Machine learning in trading: theory, models, practice and algo-trading - page 516

 
elibrarius:

Checked and forests - much faster than the NS (4 minutes), and the result is about the same. And what's interesting linear regression counts even faster, with the same results.
As someone wrote here - it's all about features.


Well, that's the main thing, and the game with different models and bags will not give a big increase :)

 
Maxim Dmitrievsky:

There, as far as I understood, you can set 1-2 epochs, because it almost always converges with the first time... maybe this was an omission? although I have not used it for a long time, I may be confused

Nowhere have I seen a limit in epochs
 
elibrarius:
I haven't seen a restriction anywhere in epochs.

mlptrainlm function

/************************************************************************* Neural network training using modified Levenberg-Marquardt with exact Hessian calculation and regularization. Subroutine trains neural network with restarts from random positions. The algorithm is well suited for small and medium scale problems (hundreds of weights). INPUT PARAMETERS: Network - neural network with initialized geometry XY - training set NPoints - training set size Decay - weight decay constant, >=0.001 Decay term 'Decay*|||Weights||^2' is added to error function. If you don't know what Decay to choose, use 0.001. Restarts - number of restarts from random position, >0. If you don't know what Restarts to choose, use 2.
I think it's the same as above.
 
Maxim Dmitrievsky:

Well this is the main thing, while the game with different models and bags will not give a big increase :)

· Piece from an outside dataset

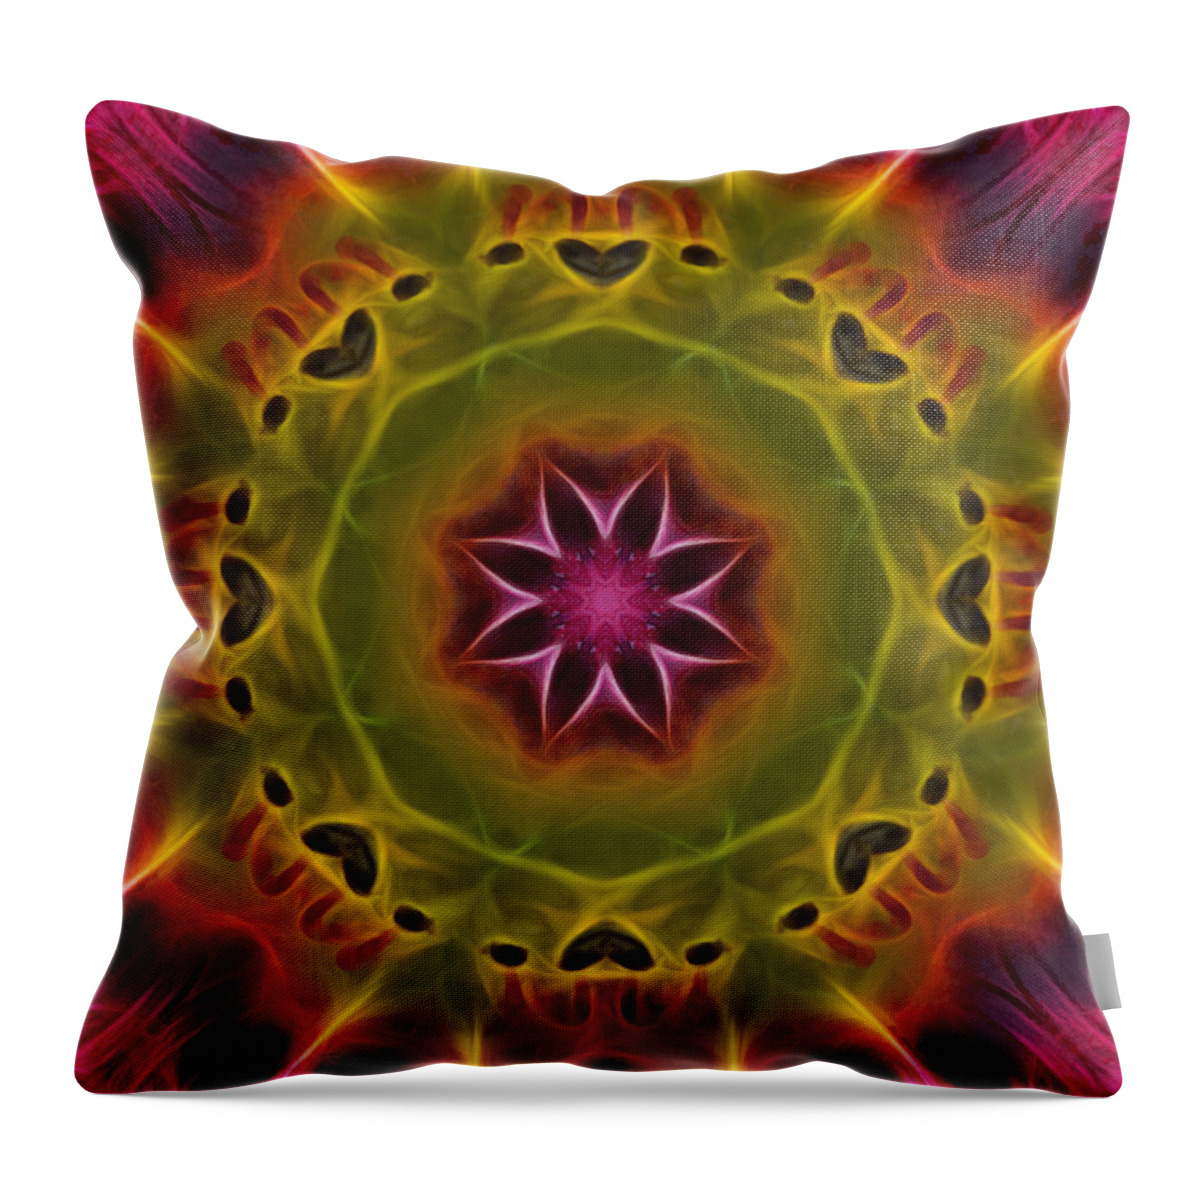 Mandala Throw Pillow featuring the photograph Powerful Creator - Square by Beth Venner

I think the advantage of NS is to find non-linear dependencies and use them.
Vladimir's last article has 2 of them.

Linear regression they will on the contrary worsen.

 
Maxim Dmitrievsky:

mlptrainlm function

This is just a recommended value, no one prevents at least 1000, but it will be long... I looked in the code - there's just a loop on the number of epochs (I also used 2, by the way).
 
elibrarius:
I think the advantage of NS is to find nonlinear dependencies and use them.
There are 2 of them in Vladimir's last article.

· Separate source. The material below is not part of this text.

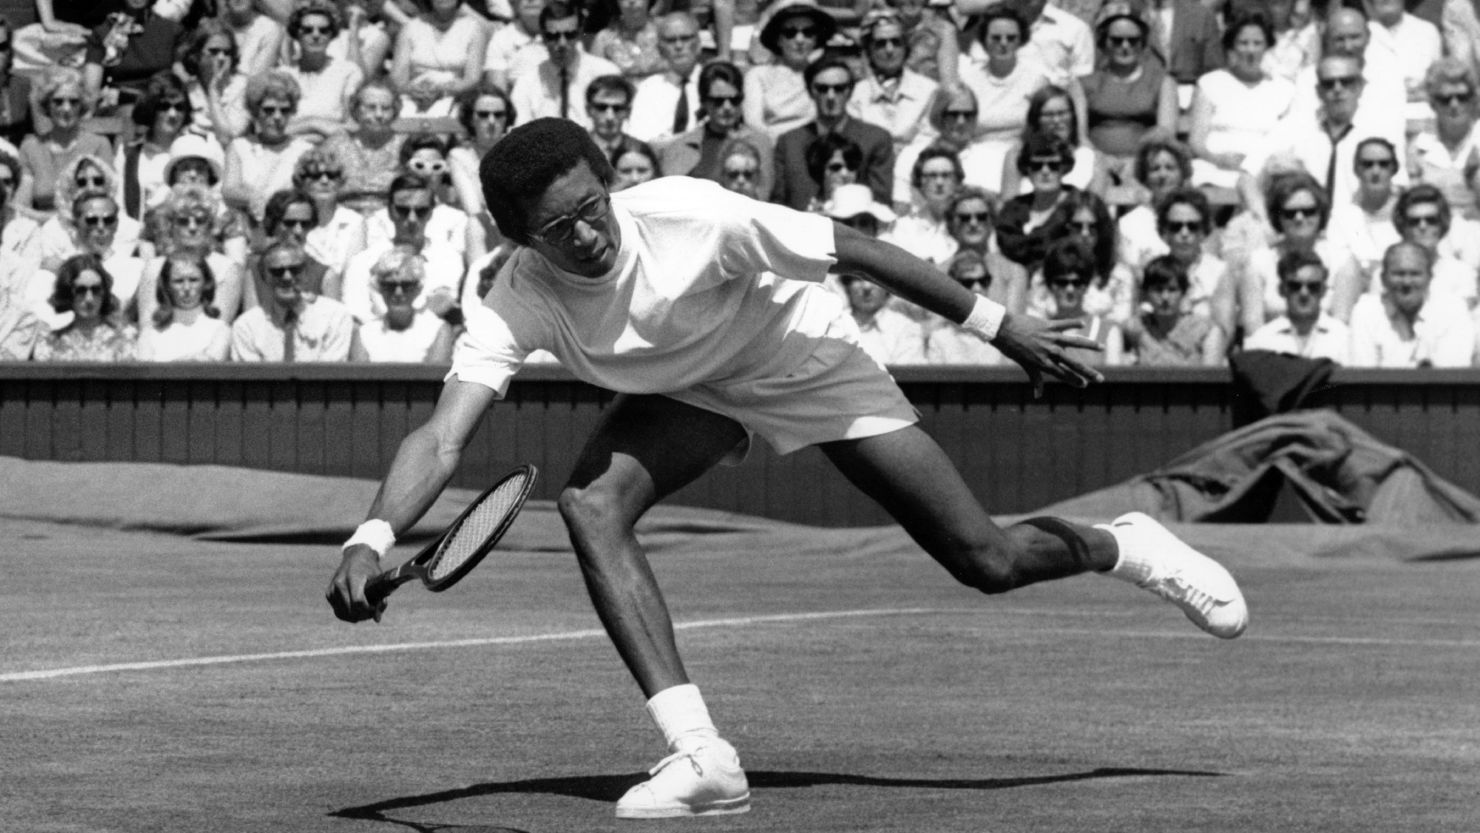 Arthur Ashe was the first black man to win the U.S. Open and Wimbledon.

Linear regression they will on the contrary worsen.


Scaffolding is also used exclusively for nonlinear patterns in advance, it does not work on linear ones

 
elibrarius:
This is just a recommended value, no one is preventing to put even 1000, but it will be long... Looked in the code - there's just a cycle on the number of epochs (I also used 2, by the way).
Did it up to 1500 on a 6 ply. Yes, long - about 32 hours, but, firstly, the result exceeds expectations. Secondly, not long at all, compared to projecting by hand). And with MLP - standard structure, and teach whatever you want.))
 
Maxim Dmitrievsky:

scaffolding is also used exclusively for nonlinear patterns in advance, it does not work on linear patterns

Maybe that's why the forest on the validation plot is as much as 0.4% better than the linear regression))). Learning time is 36 and 3 minutes, respectively (at 265 inputs). I'm starting to like linear regression.
 

If anyone wants to play around, the scaffold is trained on increments and gives a prediction for 1 bar forward. The depth of training, lag for increments and number of entries are set in the settings (each new entry is a shift of 1 bar back). Then the forecasted value is subtracted from the current prices. The histogram is drawn only for each new bar.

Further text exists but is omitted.